Their frustrations with the State Department are echoed by Americans around the world stuck in countries that have shut their borders. Adding to their stress is each country’s own version of a national quarantine, with armed police in Peru and Honduras patrolling the streets and harassing people if they try to go to the supermarket or pharmacy.

State Department policy is to have U.S. citizens exhaust all commercial options of travel before chartered evacuation flights can be considered.

But the short-notice border closures have caused mass confusion. Countries announcing one or two-week border closures aren’t guaranteed to reopen, with airlines opening up and then canceling flights.

Other countries – like Israel, Germany, France, the U.K. and Mexico — have evacuated their citizens in multiple flights in the first days of the closures. Both Morocco and Peru closed their borders on March 16.

Senate Democrats have raised the alarm that in addition to Morocco, Peru, Honduras and Guatemala, they are hearing from citizens in countries like Argentina, Cambodia, El Salvador, Japan and Uzbekistan.

Sen. Bob Menendez (D-N.J.), ranking member of the Senate Foreign Relations Committee, has sent letters to both Trump and Secretary of State Mike Pompeo calling for more action to bring Americans home, particularly by activating a civilian reserve air fleet designed for evacuation missions.

A senior State Department official said that option isn’t needed at the moment.

Republicans in both the House and Senate have yet to publicly address the challenges of their constituents, although some Americans abroad say they’ve received responses from the offices of Sens. Shelley Capito (R-W.Va.) and Marco Rubio (R-Fla.).

“Our nation faces unprecedented challenges, including the repatriation of American citizens stuck abroad,” Rubio wrote in an email to The Hill. “Our constituent services team is tracking numerous cases in approximately a dozen different countries, and remains in daily contact with the State Department and relevant embassies and consulates.”

Michele Thoren Bond, who served as assistant secretary for consular affairs between 2015 and 2017, which is charged with organizing evacuations, said the State Department is making the best of a bad situation.

“Whatever has been accomplished has been the best thing they could do with the circumstances they’re dealing with,” she said. “And these are people who are really smart and resourceful and literally working around the clock until the crisis is over.”

Other former State Department officials say it’s evident the agency was slow to respond to the unfolding crisis and worsened by a hollowing out of career foreign officers at the agency.

“If it were a different administration, there would have been much more collaboration in the State Department, much more expertise at the senior level, which there is not now,” said a retired State Department official who oversaw at least seven evacuations from conflict zones. “There would have been a lot more anticipatory work done.”

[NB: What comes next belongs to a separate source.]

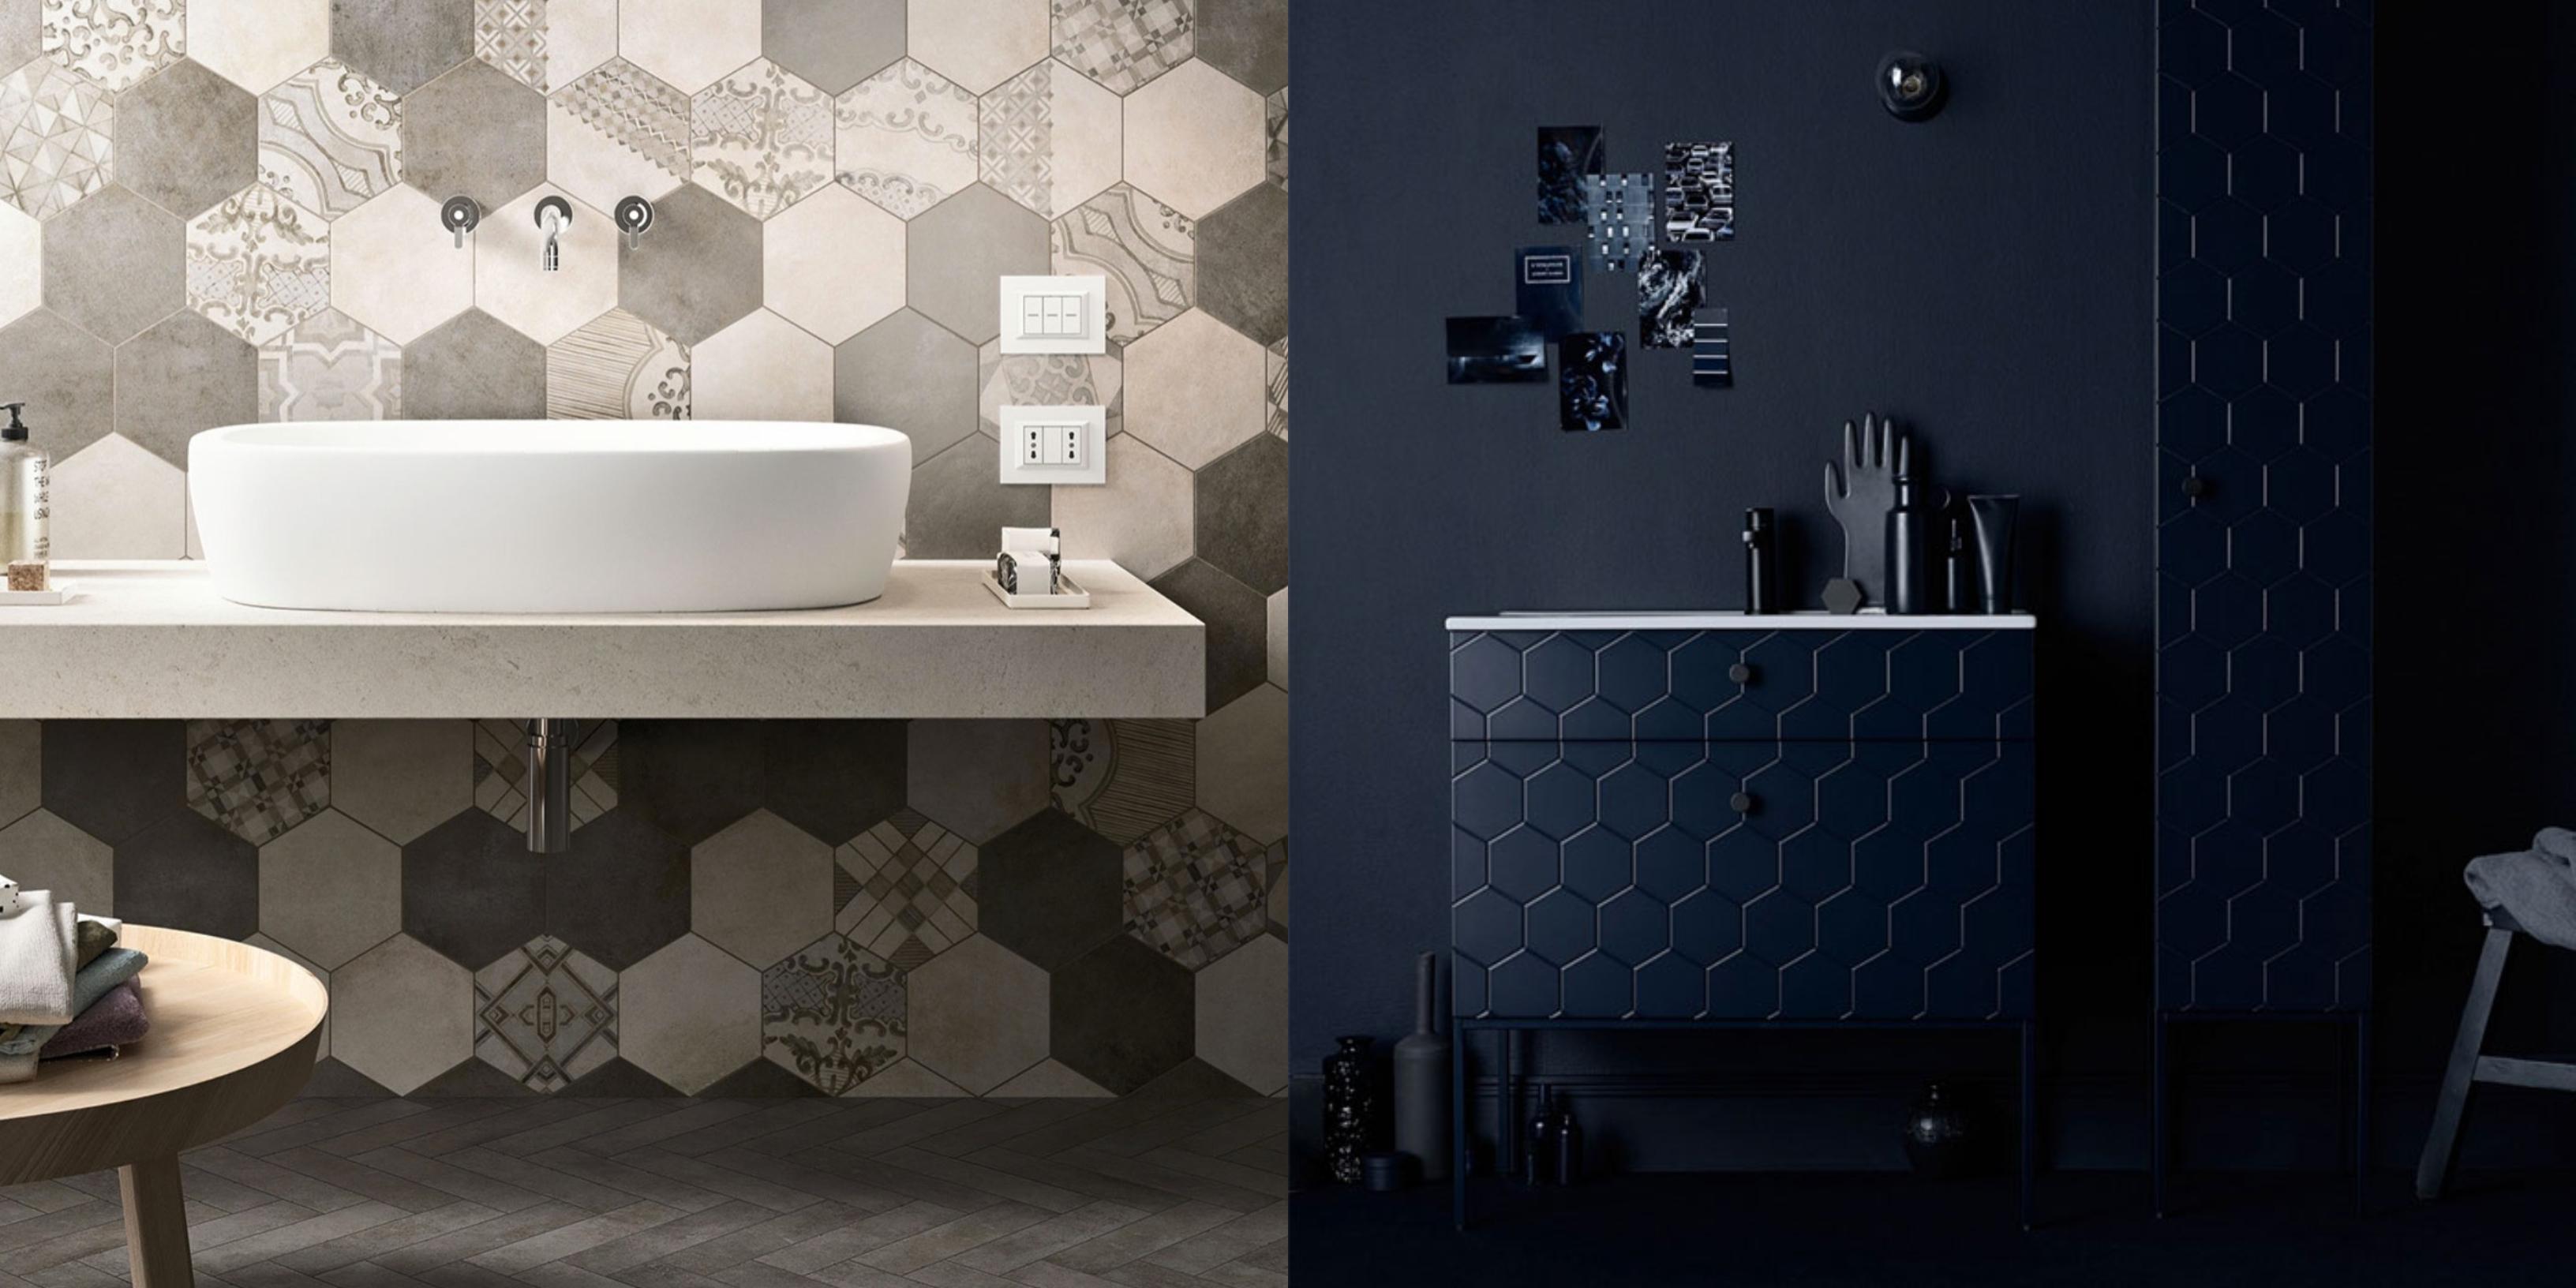 tendencias en la decoracion del baño 2018, cuartos de baño modernos estilo contemporáneo, azulejos hexagonales

Despite the extraordinary situation, it’s not the first time the agency has had to pull off mass evacuations from dangerous situations.

In 2006, the State Department organized the evacuation of 15,000 Americans from Lebanon following the outbreak of war between Hezbollah and Israel.

Four years later, the U.S. launched Operation Unified Response to evacuate 16,000 Americans from Haiti after the island nation was devastated by a 7.0 magnitude earthquake.

“The parallel to this world wide virus epidemic, in my mind at least, would be something like a natural disaster and which we’ve always moved as fast as we could to assist American citizens getting out of harm's way,” the former official said.

Jesse Curry, a U.S. citizen who is stuck in Lima with his wife, two kids and mother, said the uncertainty over when and how they’ll be able to get home has been the toughest part of the whole ordeal.

“For days we felt abandoned, worried that the quarantine would be extended and that we’d have no way out for months,” he said. “We’re just starting to receive daily updates, but we still have no idea when we’ll get to come home.”